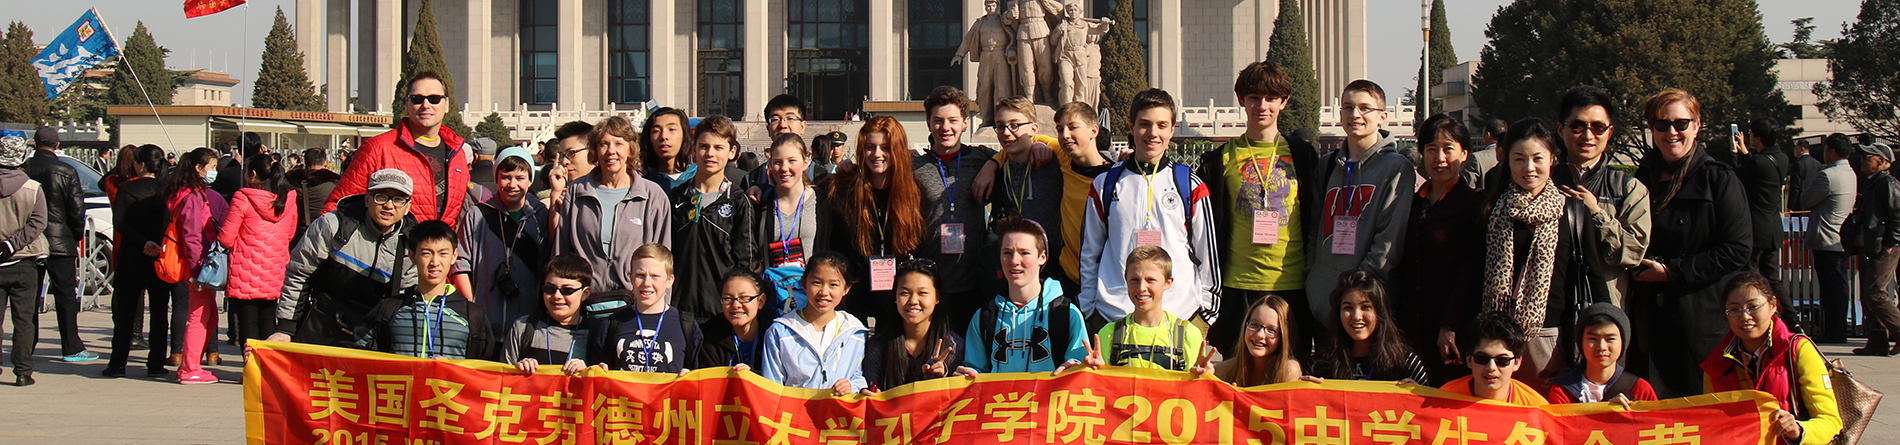 טיול סין בכיתה ח ', 2015
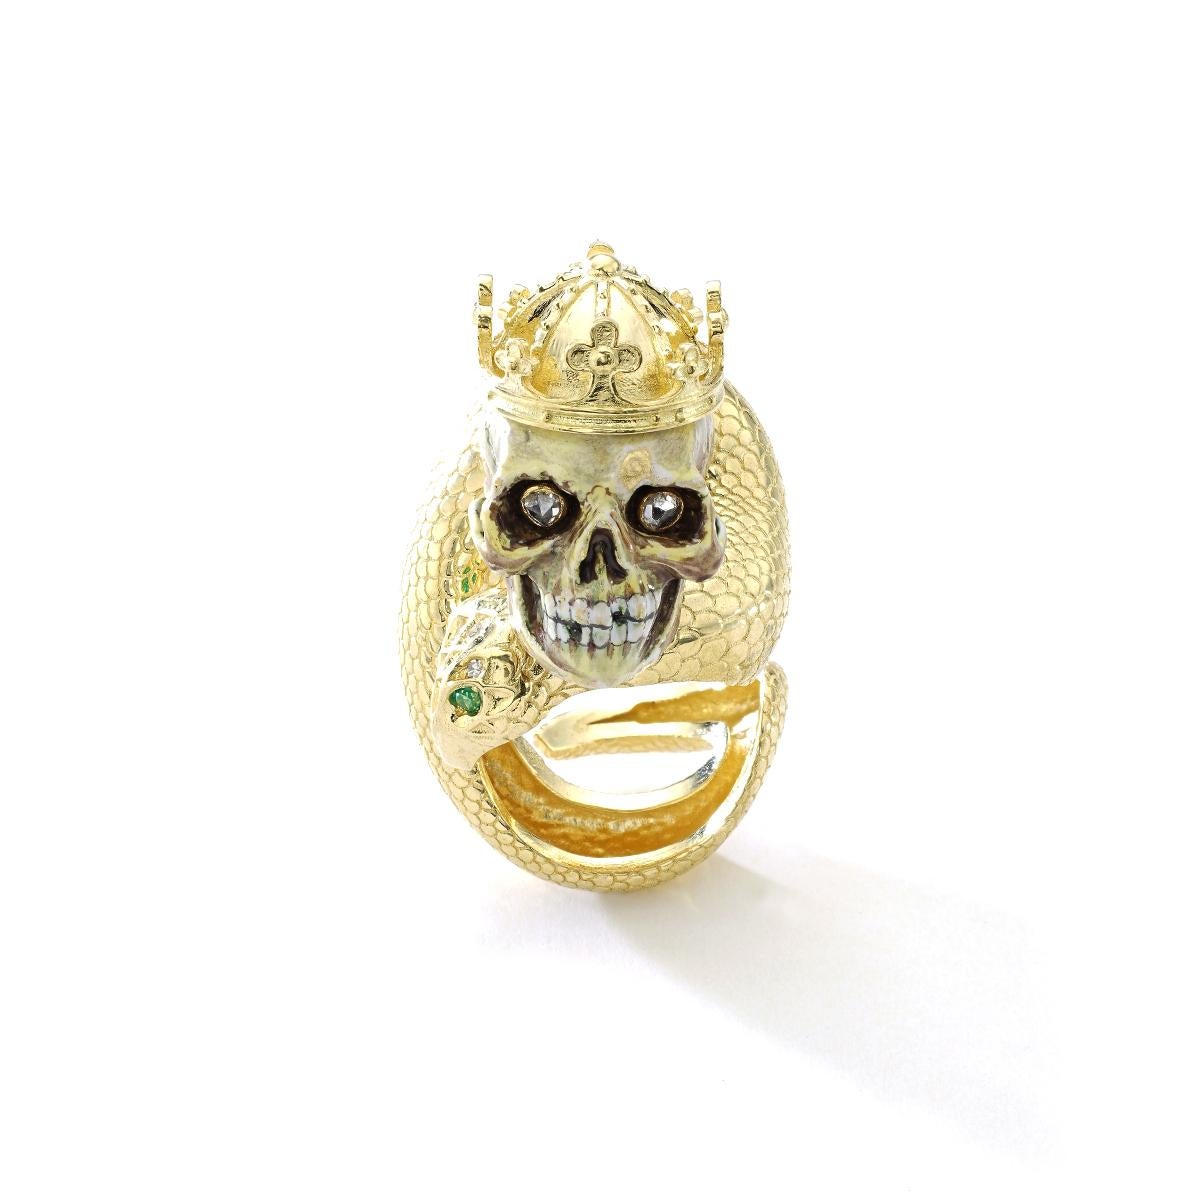 Der Schädel ist antik circa 19. Jahrhundert unglaublich emailliert auf Gold. Die Augen sind im Diamant-Rosenschliff.
Es ist prächtig auf eine Schlange Gelbgold 18k Ringfassung, den Kopf mit Diamanten und Smaragd Augen und eine Krone Gelbgold 18k
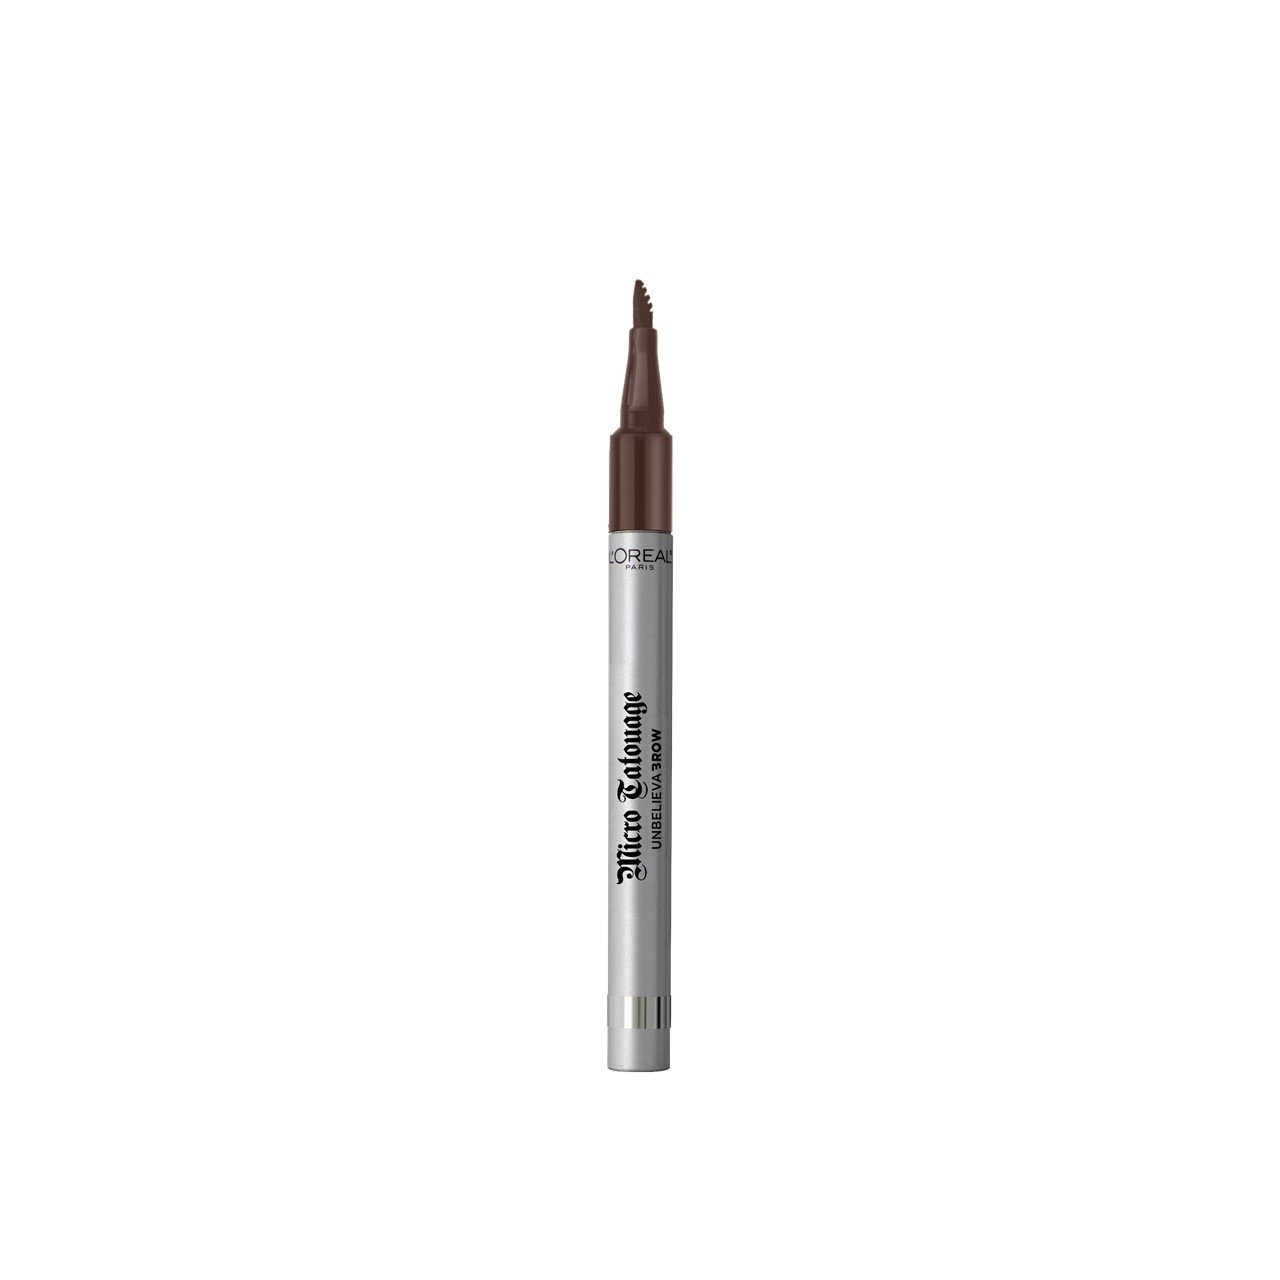 L'Oréal Paris Unbelievabrow Micro Tatouage Brow Pen 108 Dark Brunette
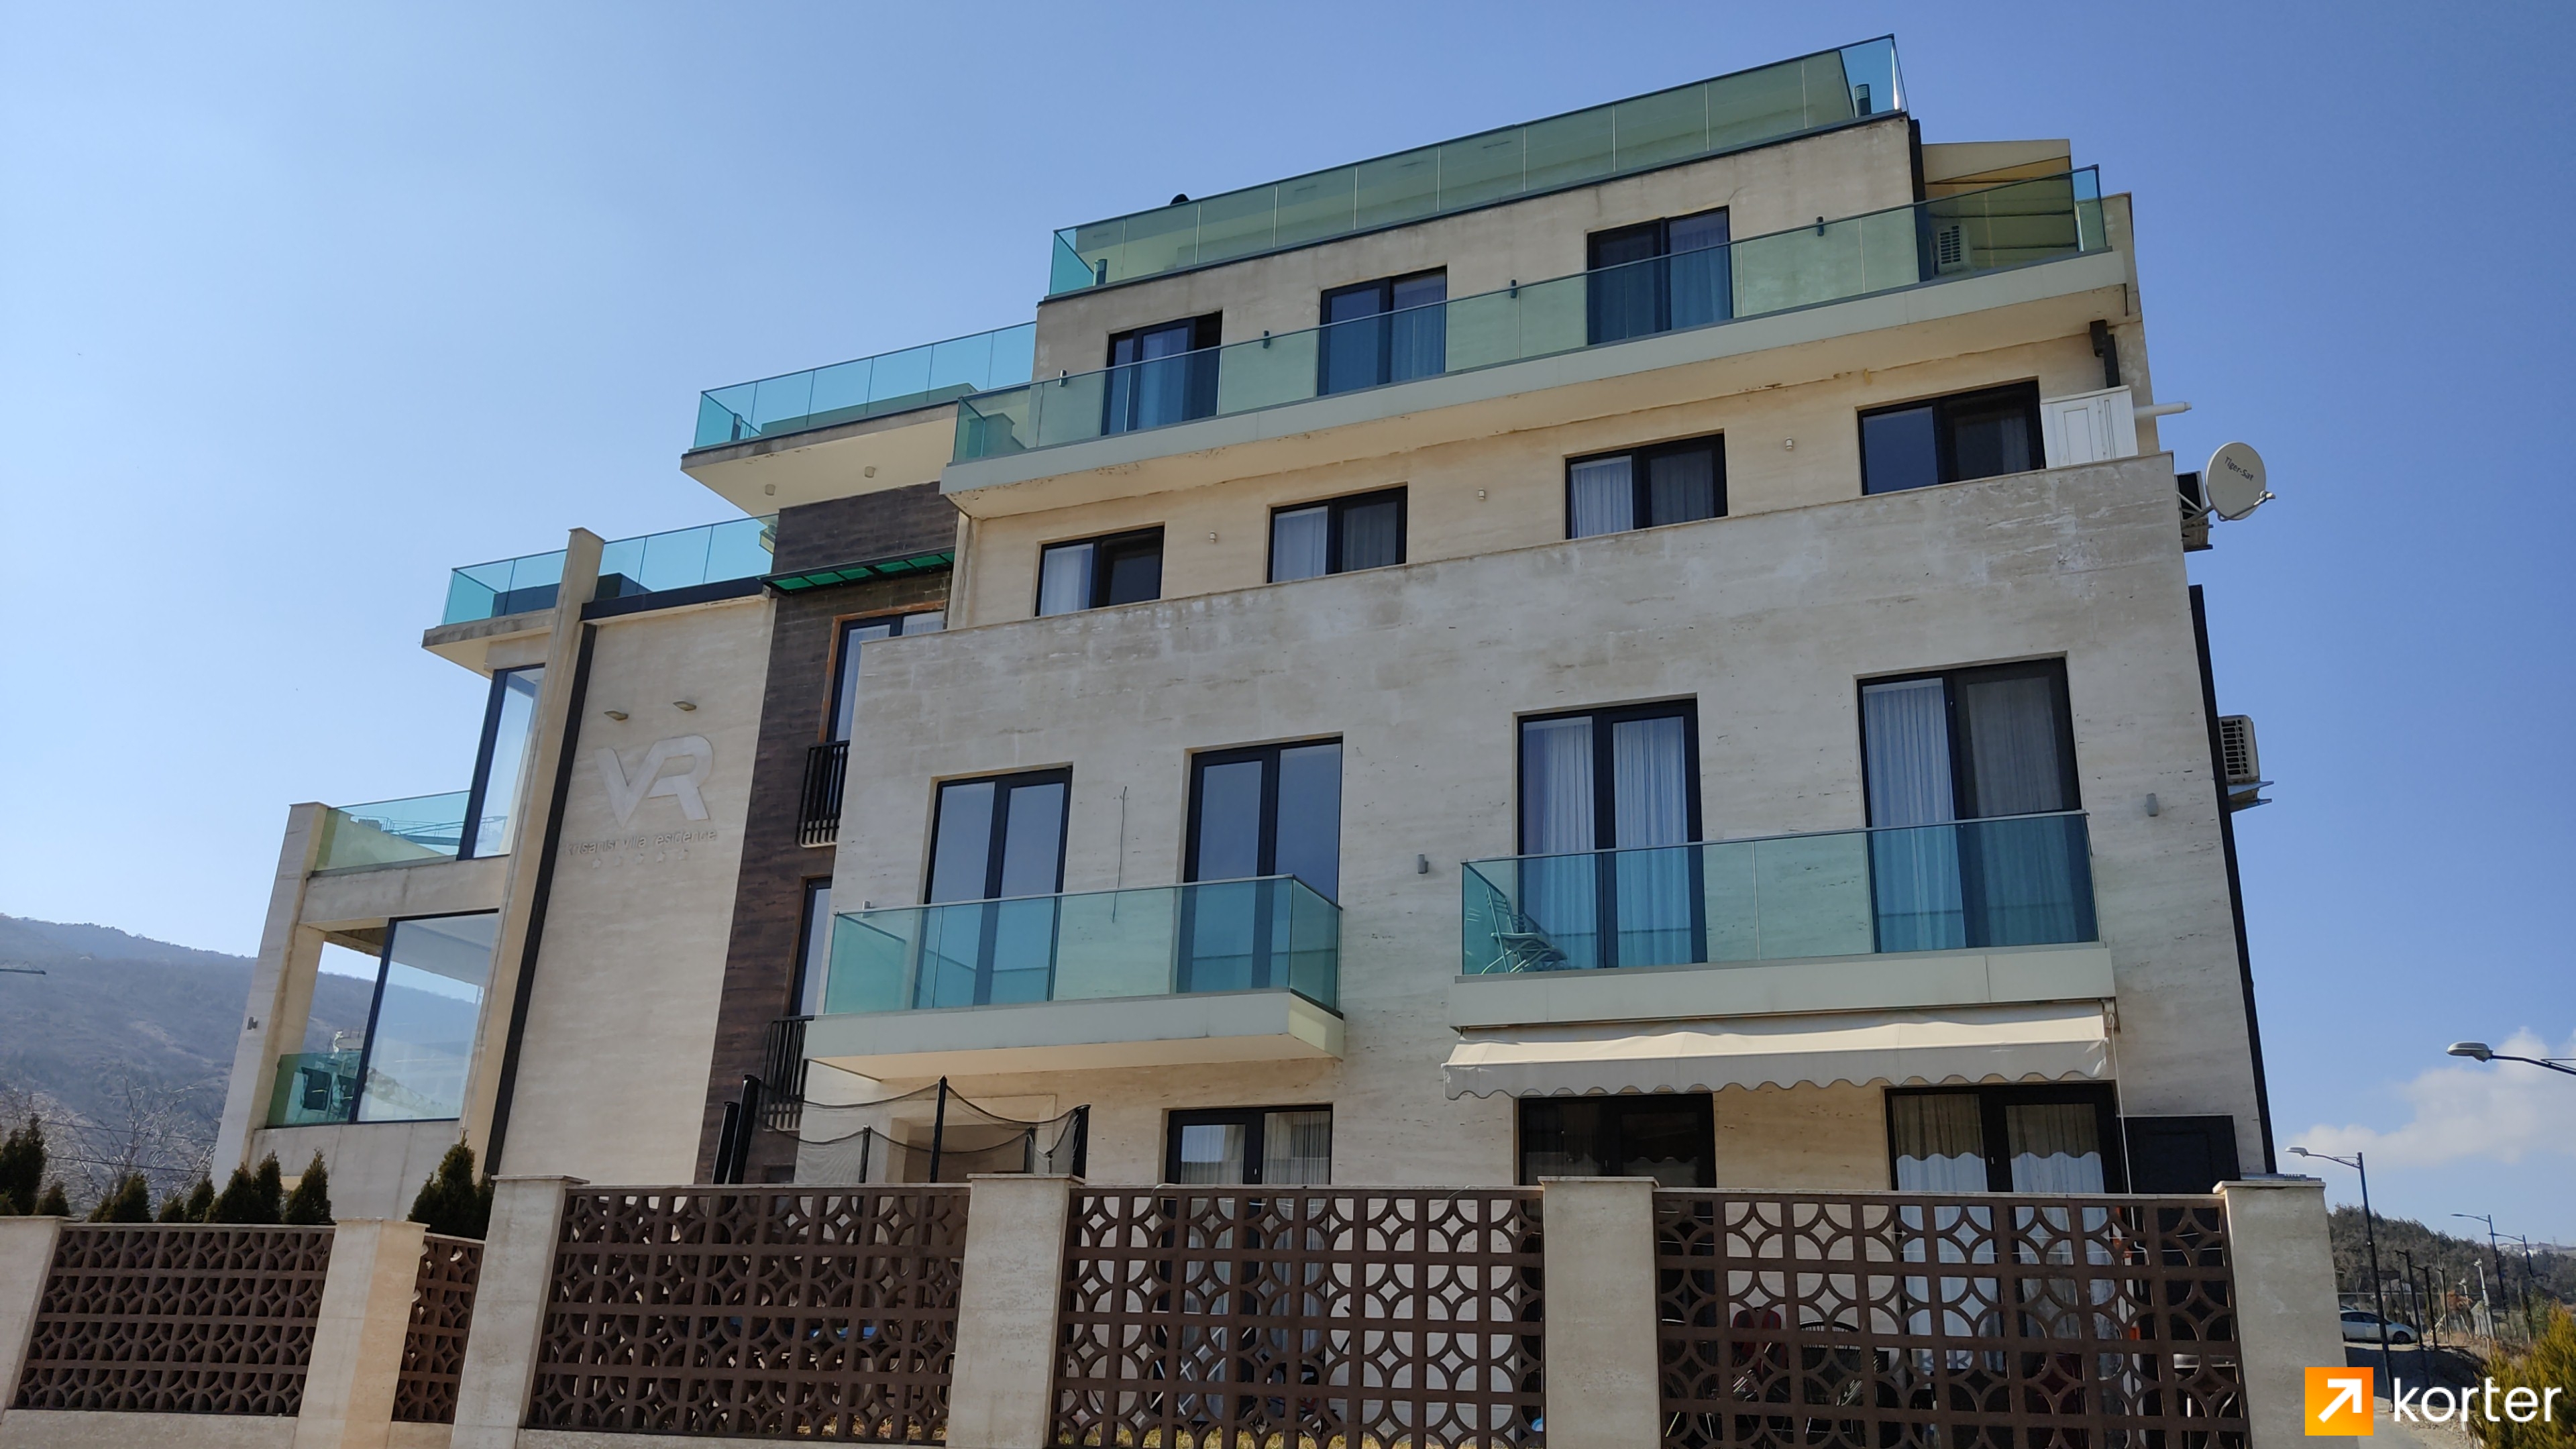 Construction progress Krtsanisi Resort Residence - Angle 22, February 2022

TASK DIRECTIONS: From the line that contains "L'Oréal Paris Unbelievabrow" to the final line of the entries, reproduce every line exactly, both ends included. Leave out all pictures.

SOLUTION FOR THIS EXERCISE:
 L'Oréal Paris Unbelievabrow Micro Tatouage Brow Pen 108 Dark Brunette
 Construction progress Krtsanisi Resort Residence - Angle 22, February 2022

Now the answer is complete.